# How Responsive Should a Breeder Be?



## SunnySandi (Jul 26, 2021)

Hello again all,

Allow me to preface by saying that I have never dealt with a breeder of any kind for acquisition of a new puppy, all previous dogs have been rescues so I'm not sure what or how much to expect out of a breeder.

I wanted some general ideas on how quickly a breeder should typically respond to inquiries. I have two breeders in mind for a future Mini Poodle, my primary is local to me while the other is a few states away. My secondary choice got back to me via Facebook in a few days to a week. My primary choice however has not been very responsive.

I have sent a general inquiry email back at the end of July, as well as privately messaged them on both Facebook and Instagram. I received a response to my Facebook message after about 2 weeks at which point I asked about general pricing for a puppy and have heard nothing since. It has been about 2 weeks since that message and neither my email nor Instagram message have been responded to yet. I have also put in a formal application about mid-August in hopes for a quicker response, which has unfortunately not happened.

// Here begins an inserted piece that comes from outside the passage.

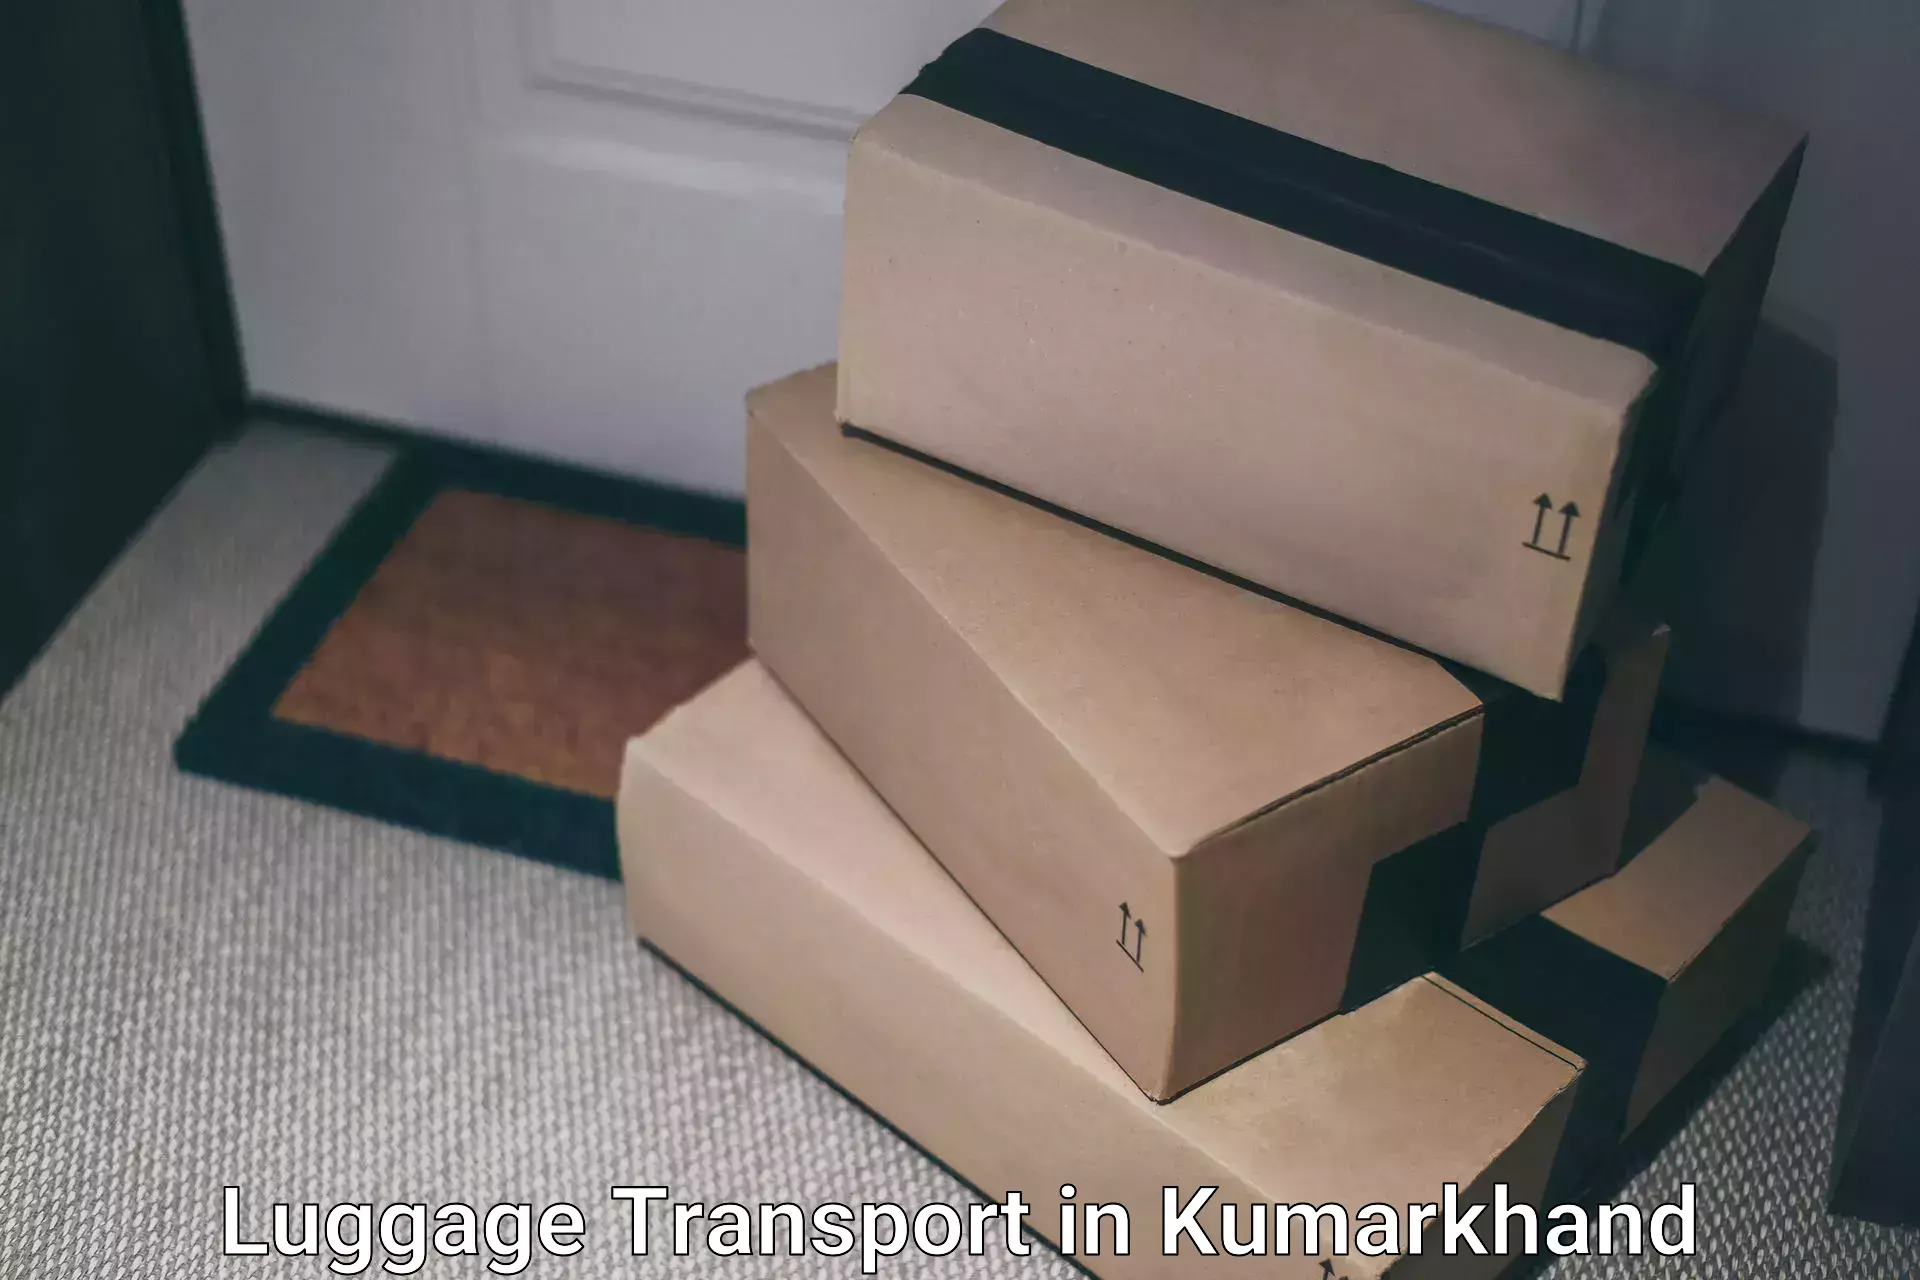 Luggage transport service in Kumarkhand

My greatest issue with this is that it seems any message I send asking about pricing is seemingly being ignored. Now this could very well just be my own mind skewing the events, but I cannot find any pricing information from this breeder and do have a budget I need to stay within. My second fear is if they are being this coy about the pricing of their dogs, then how responsive are they going to be about getting all the proper registration and health paperwork to me should I choose them?

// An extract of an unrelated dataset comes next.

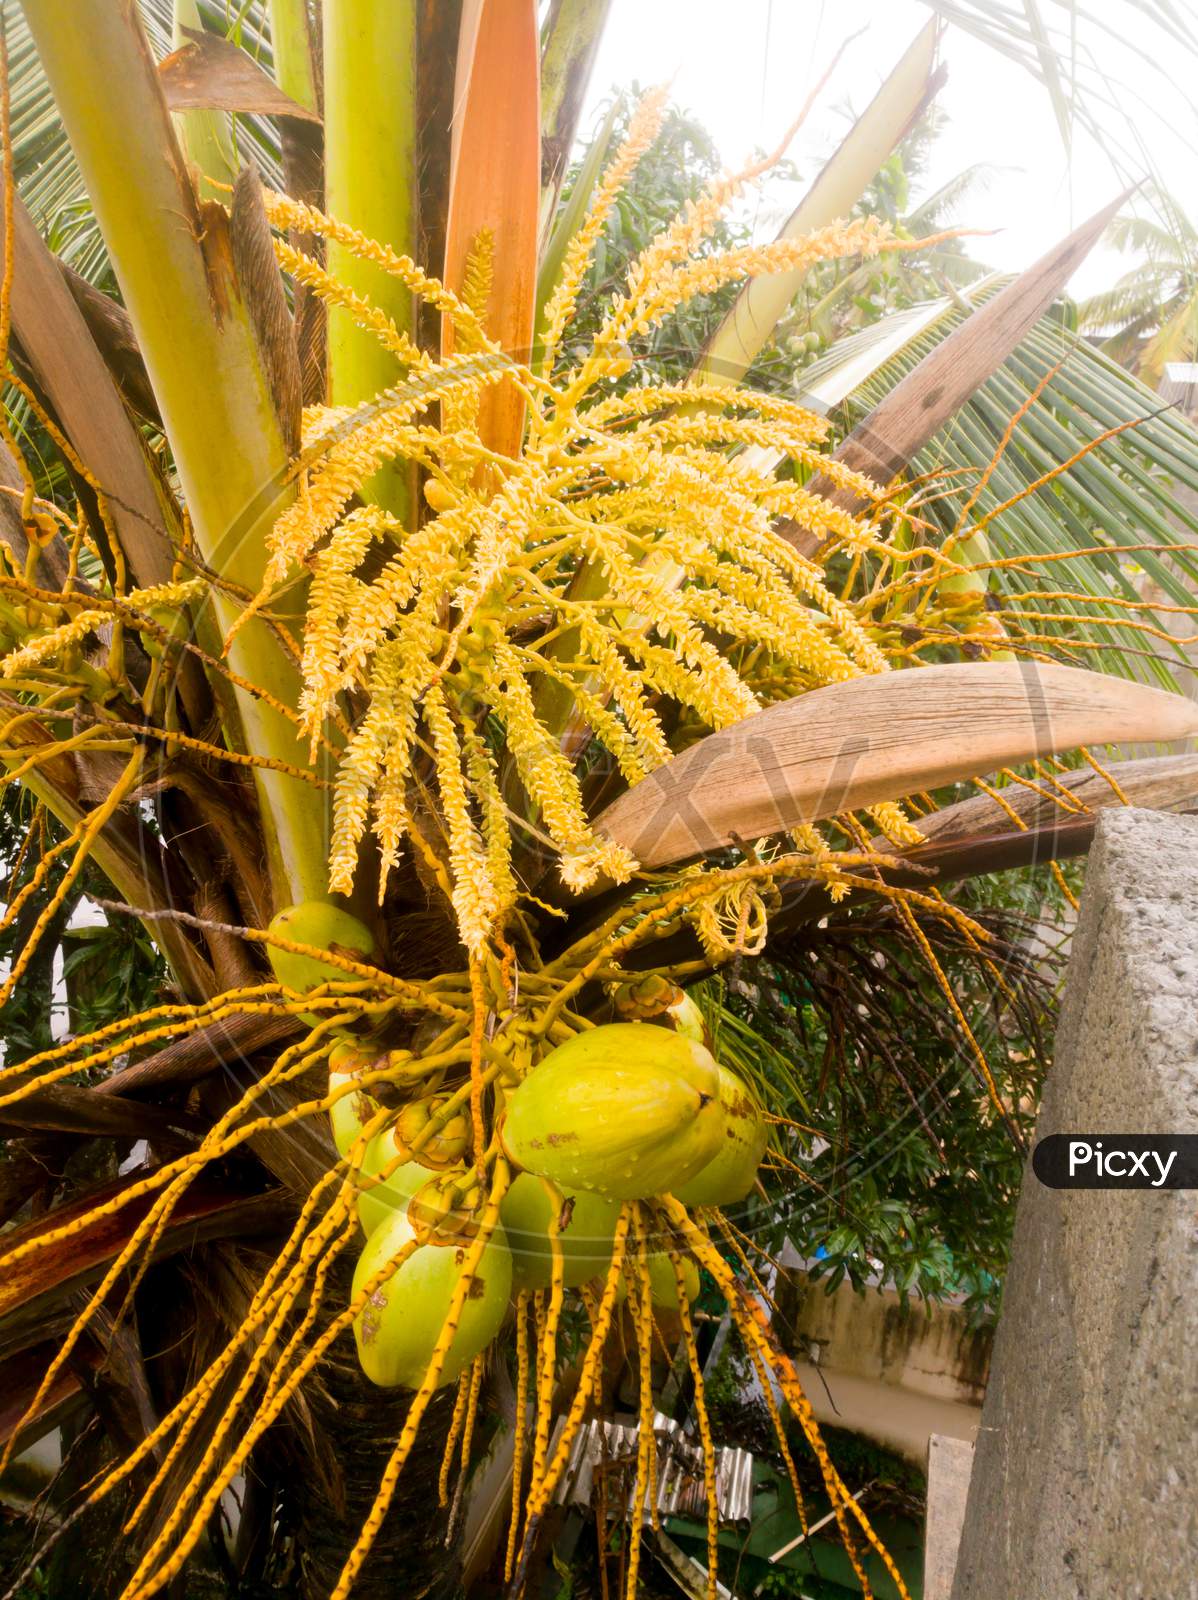 Full View Of The Coconut Tree At Top With Tender Coconuts And Flowers.

This breeder comes recommended via other posts I've read and general reviews say they are very responsive, but I've not seen this. This makes me wary when I could be spending quite a bit of money. While I do understand that people have lives to live and may be busy, the breeders Instagram and Facebook are updated regularly.

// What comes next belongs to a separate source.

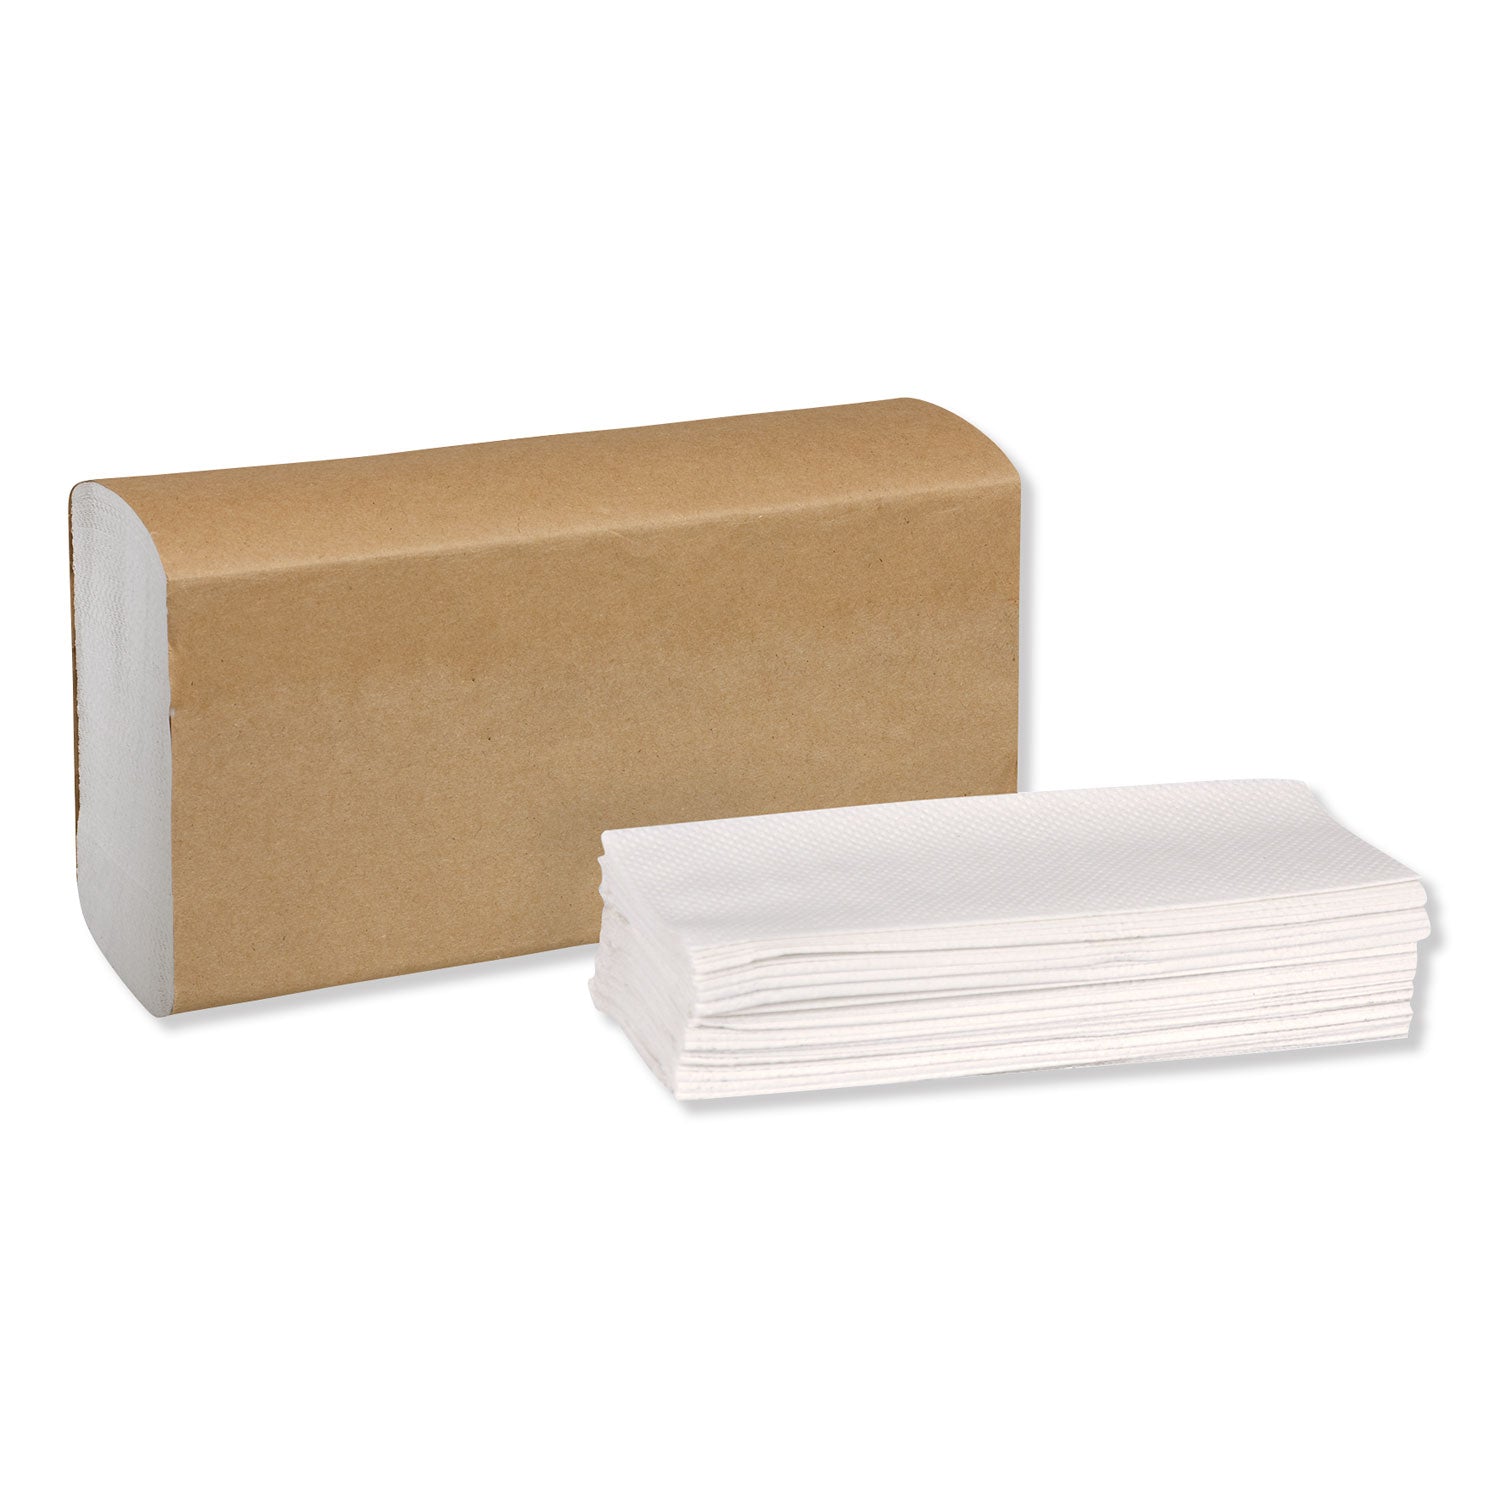 universal-multifold-hand-towel-1-ply-913-x-95-white-250-pack16-packs-carton_trkmb540a - 5

The whole ordeal has me greatly discouraged and honestly frustrated as now my second choice breeder has closed applications for what I am looking for. Other inquiries to other breeders have all been responded to anywhere within days to weeks.

Am I expecting too much out of this breeder? Or is this something I should be taking to heart?


----------



## Basil_the_Spoo (Sep 1, 2020)

Just curious... what's your budget? 

I'm not sure where your mindset is, but shopping for a poodle isn't like shopping for a car. The upfront cost to a breeder isn't where you want to nickle-and-dime, and perhaps why leading with price is giving you the communication result that you're seeing.


----------



## Misteline (Mar 10, 2019)

Could be any number of things. From what I understand some breeders get a large volume of inquiries that ultimately amount to nothing. It may be that your approach was similar to that sort of inquirer. As you don't go into any detail about what you asked or said to the breeder I can't speak to whether it was the nature of your message or not. To some breeders the price should be the least important thing that a prospective buyer should want to know about their program. While definitely important, if the sum of your inquiry was "when will puppies be available?" and "what is the price?" it wouldn't be surprising if a breeder focused instead on those who seem more invested in their specific program and whatever makes them special. Its a seller's market for puppies right now and potential buyers are a dime a dozen and as flighty as mayflies. It's easy to get lost in the shuffle.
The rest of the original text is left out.